= Beginning of Section =

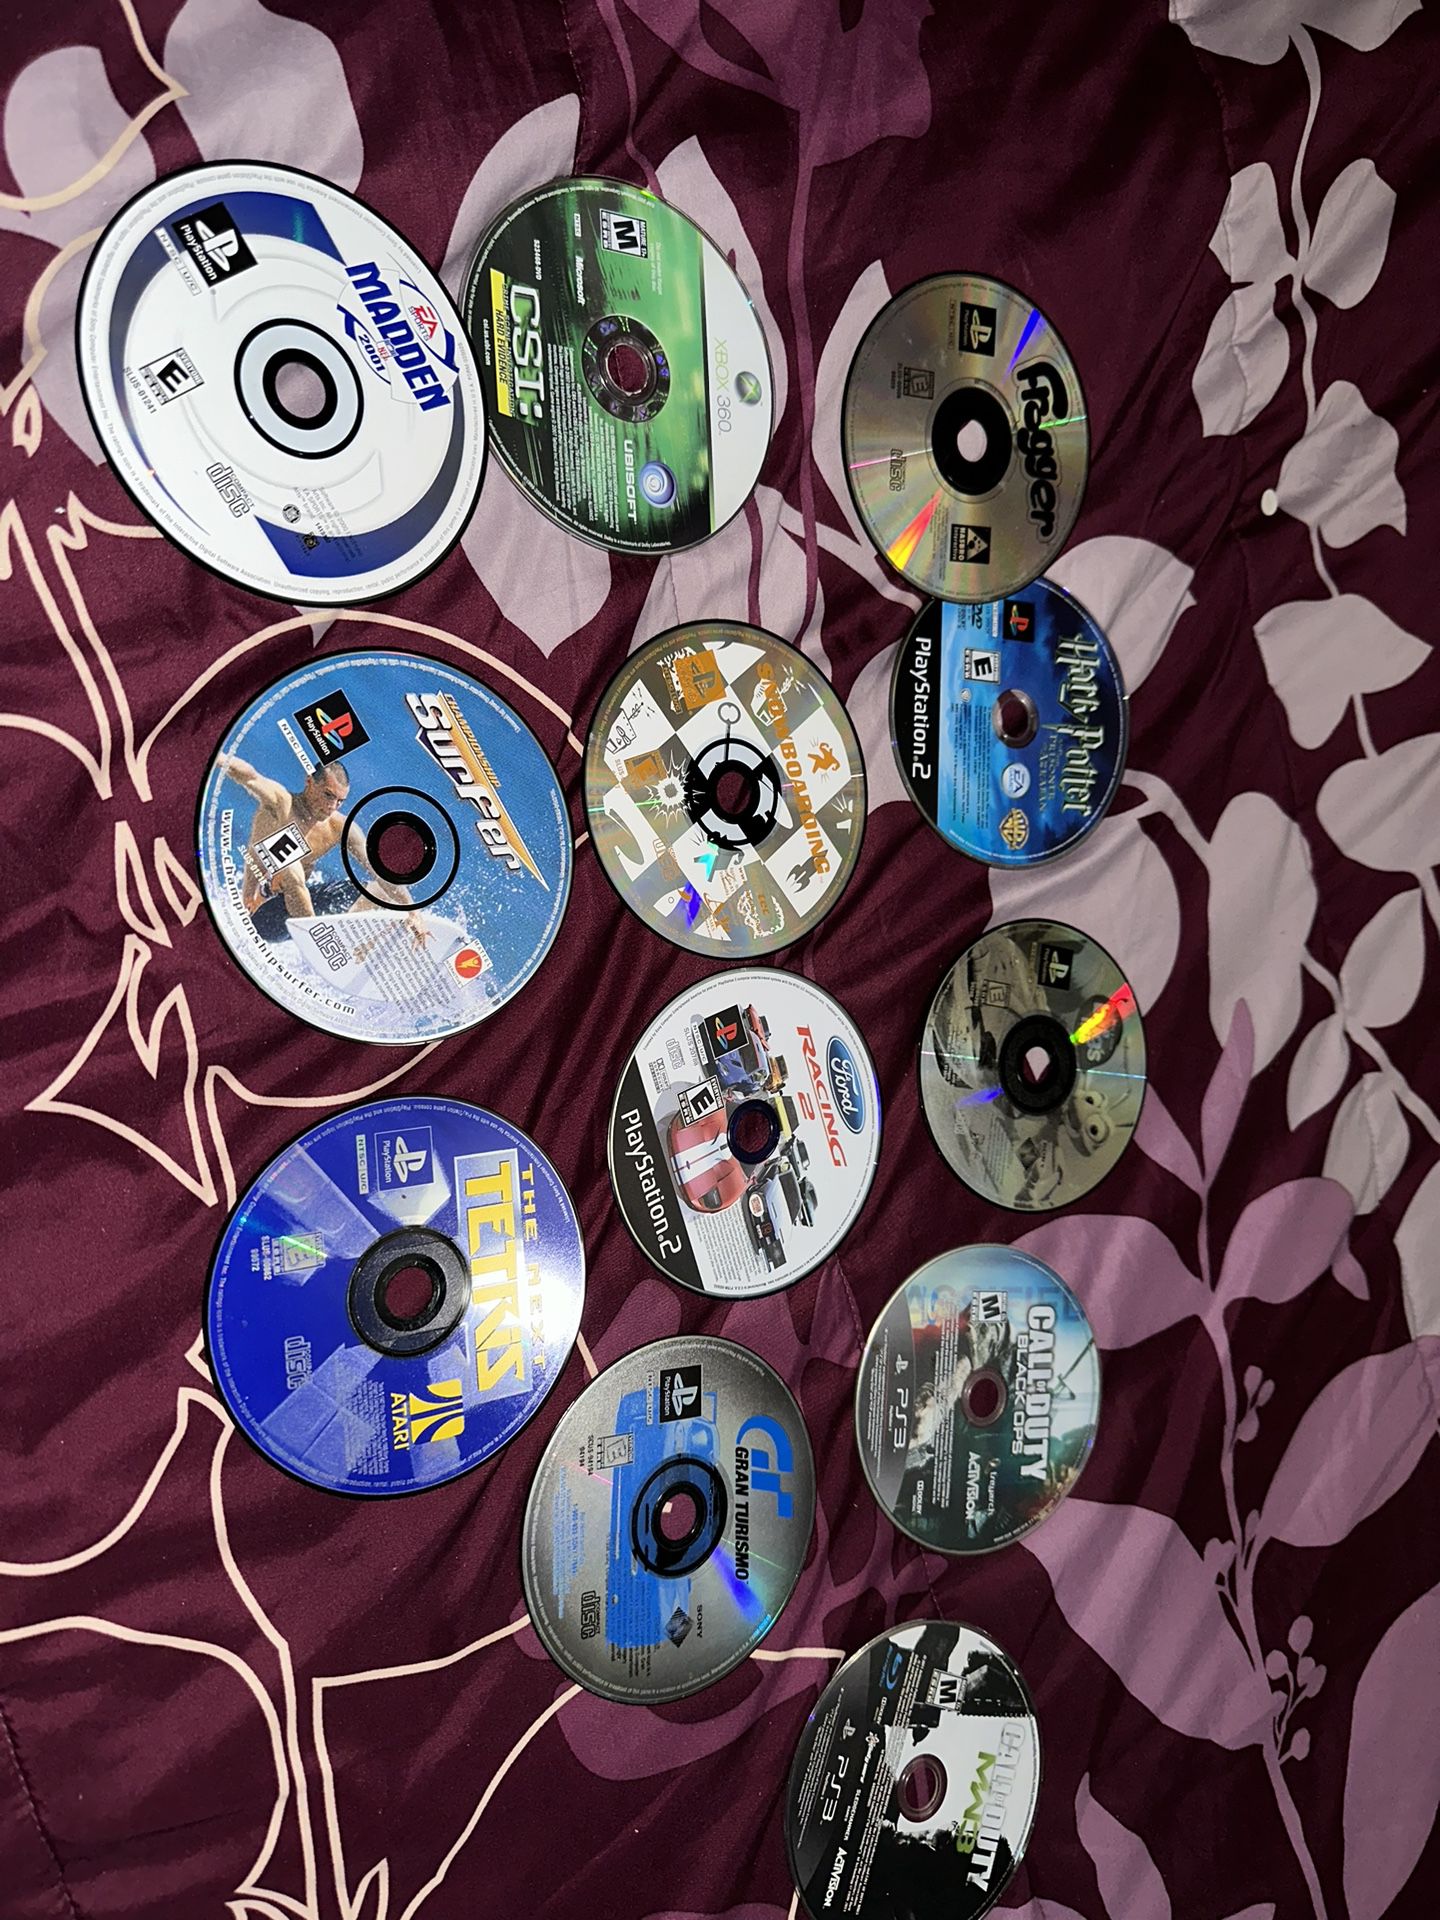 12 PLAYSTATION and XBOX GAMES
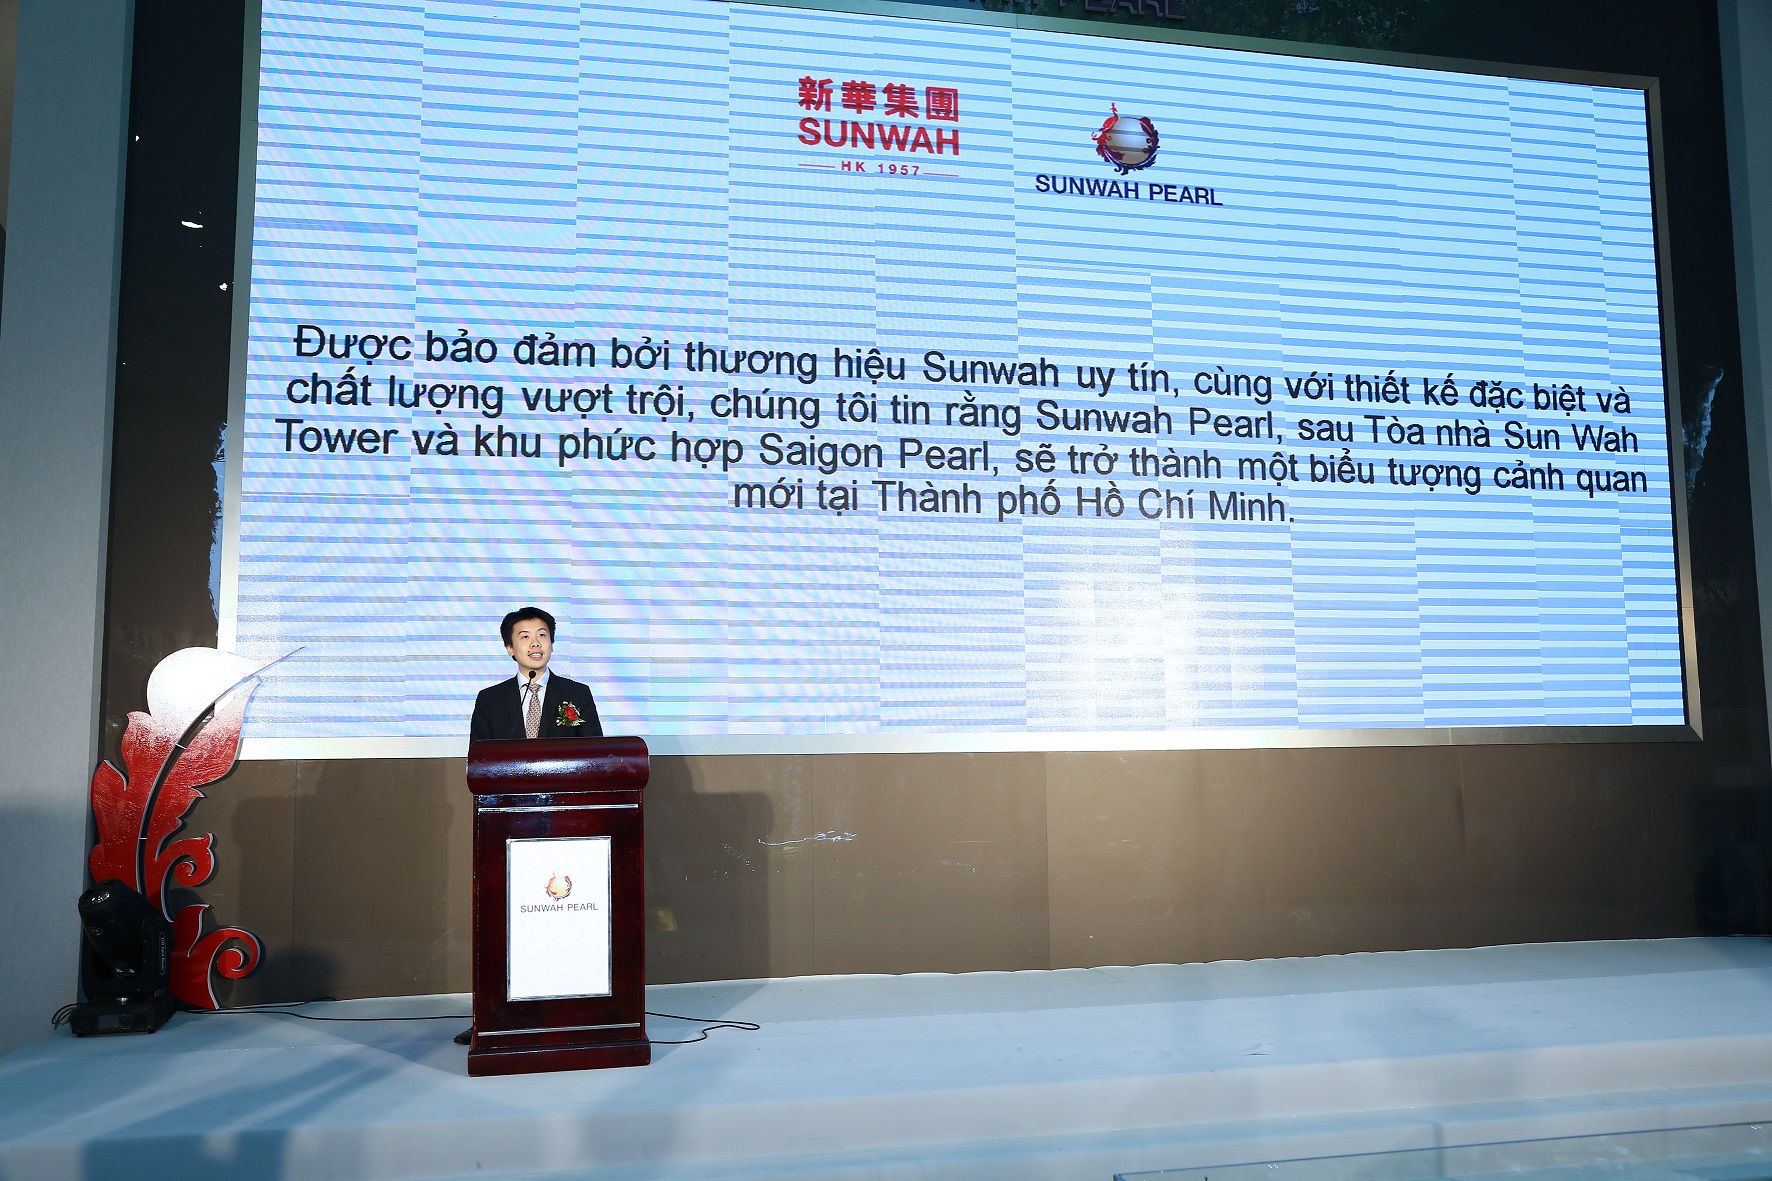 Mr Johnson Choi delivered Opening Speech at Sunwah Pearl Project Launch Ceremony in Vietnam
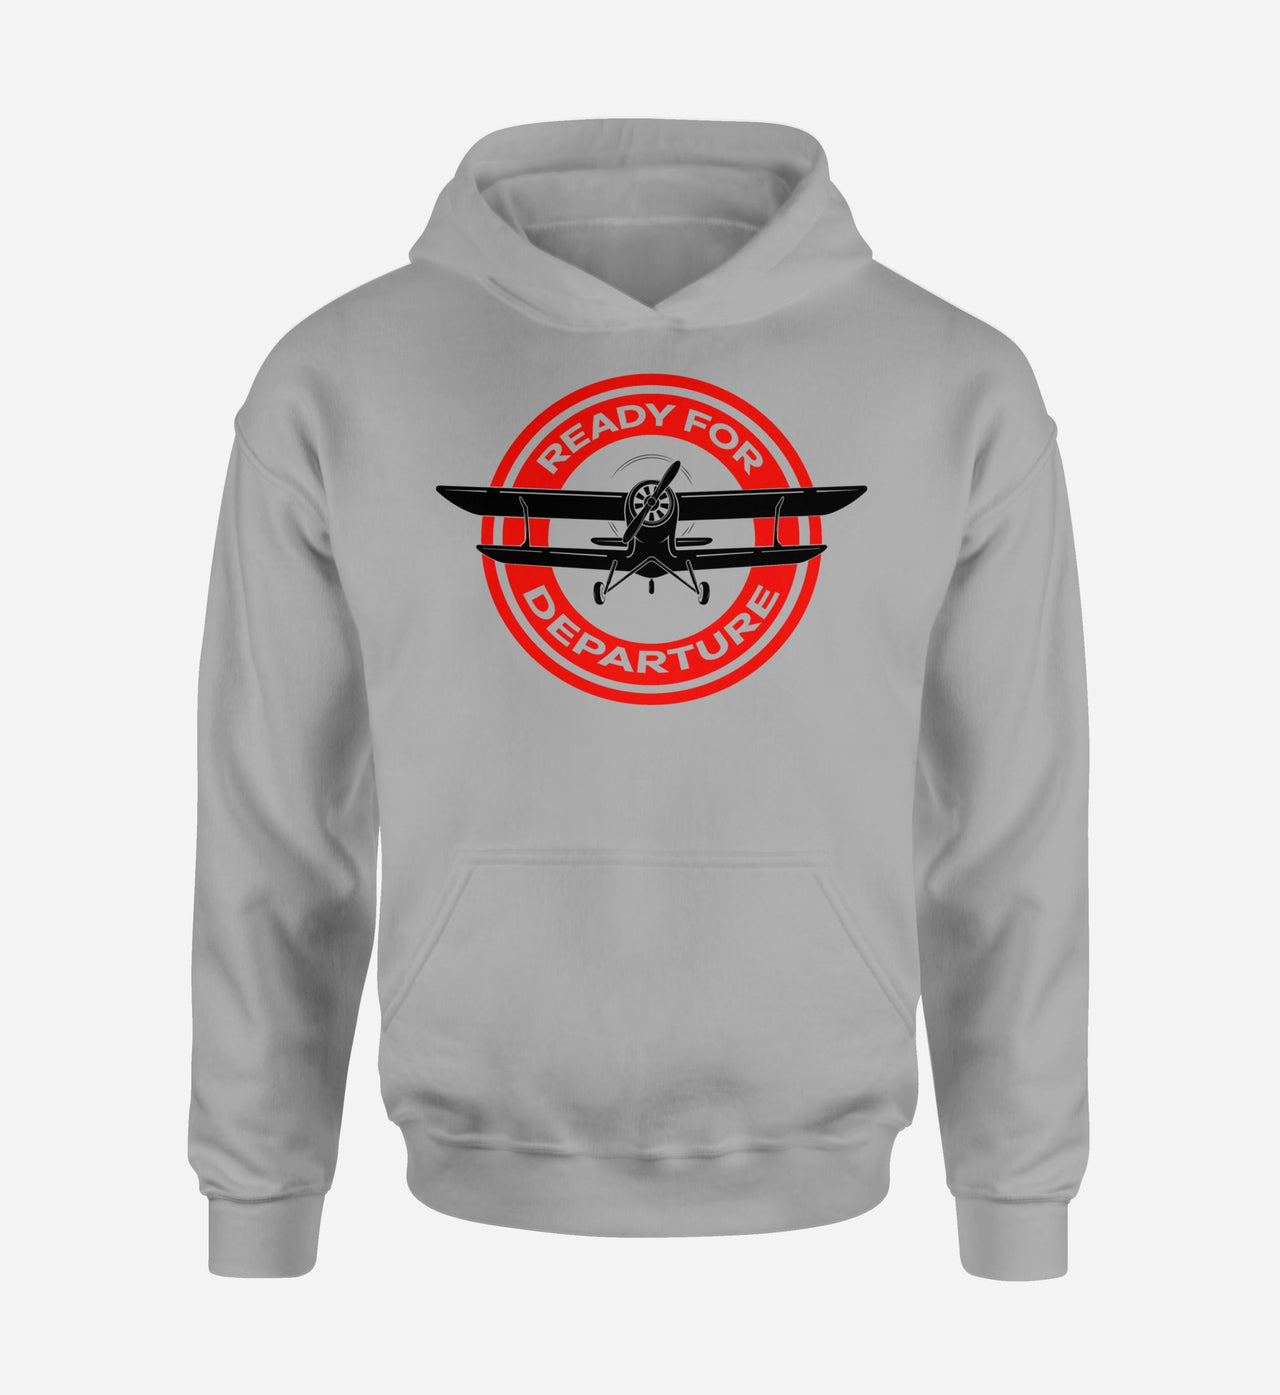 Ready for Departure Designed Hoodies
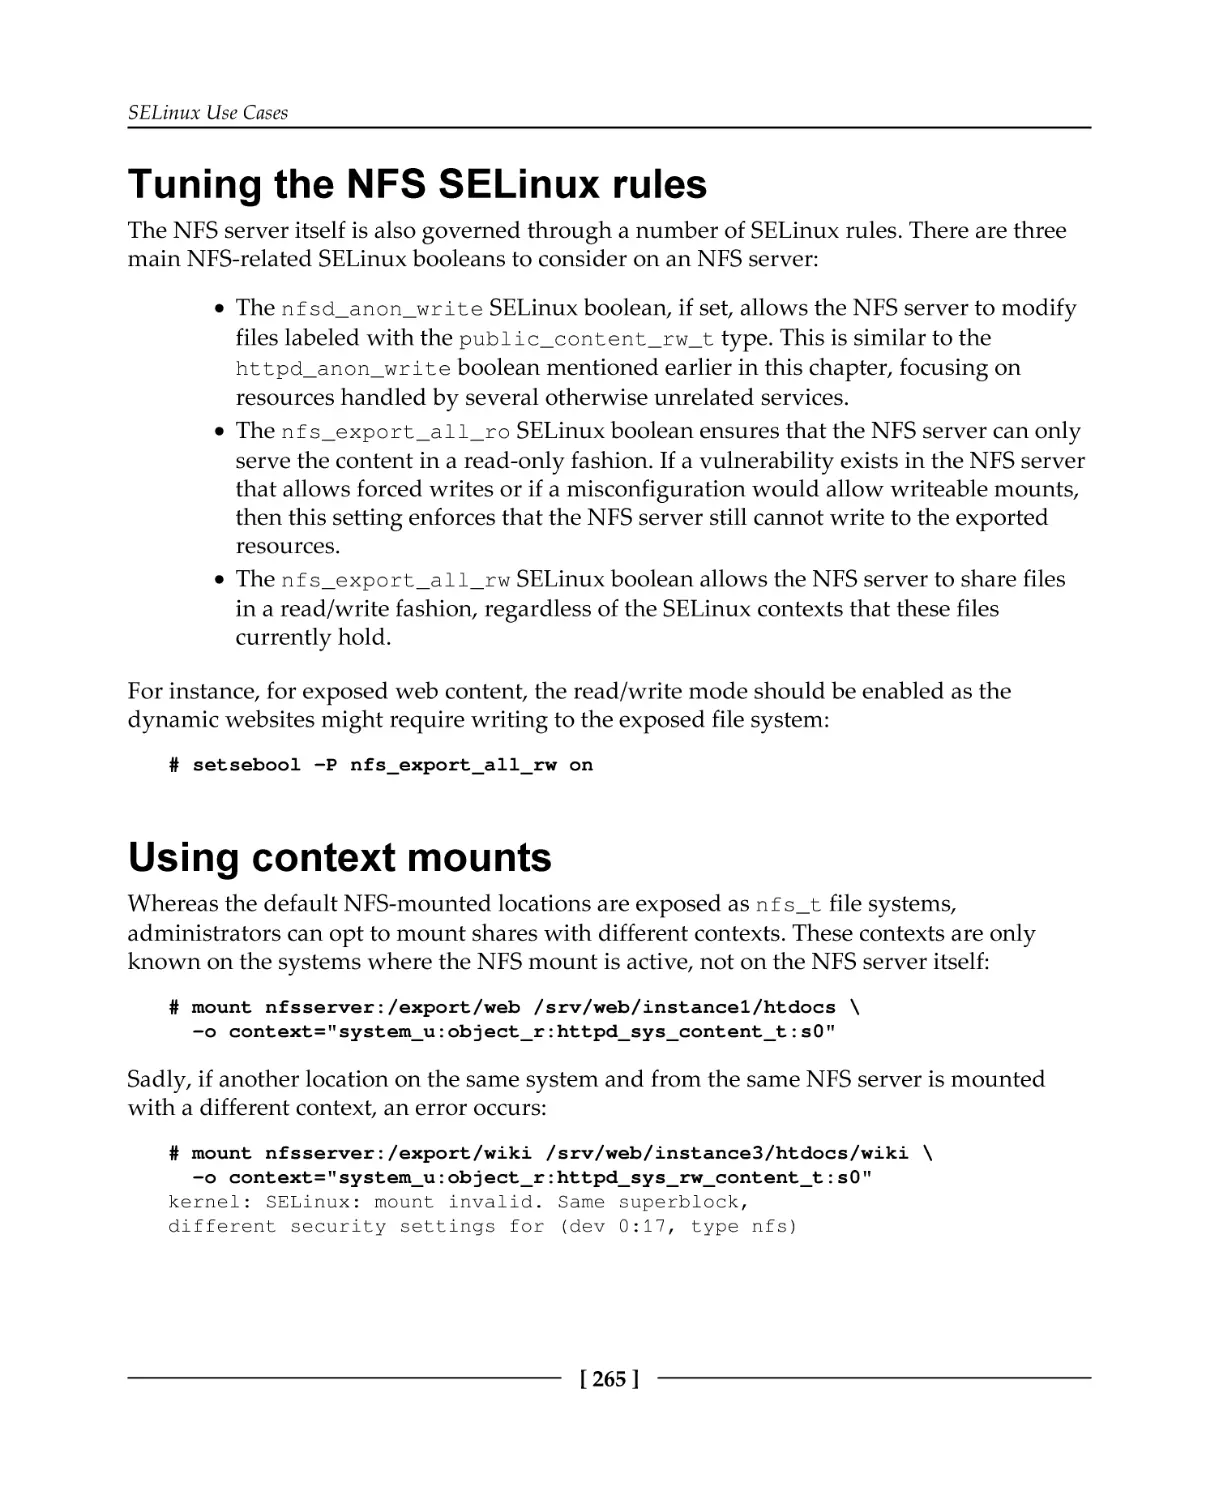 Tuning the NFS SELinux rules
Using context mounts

= End of Section =

Could you give all of the data again exactly as written, omitting any pictures?

 12 PLAYSTATION and XBOX GAMES
 Mr Johnson Choi delivered Opening Speech at Sunwah Pearl Project Launch Ceremony in Vietnam
 Ready for Departure Designed Hoodies
 Tuning the NFS SELinux rules
Using context mounts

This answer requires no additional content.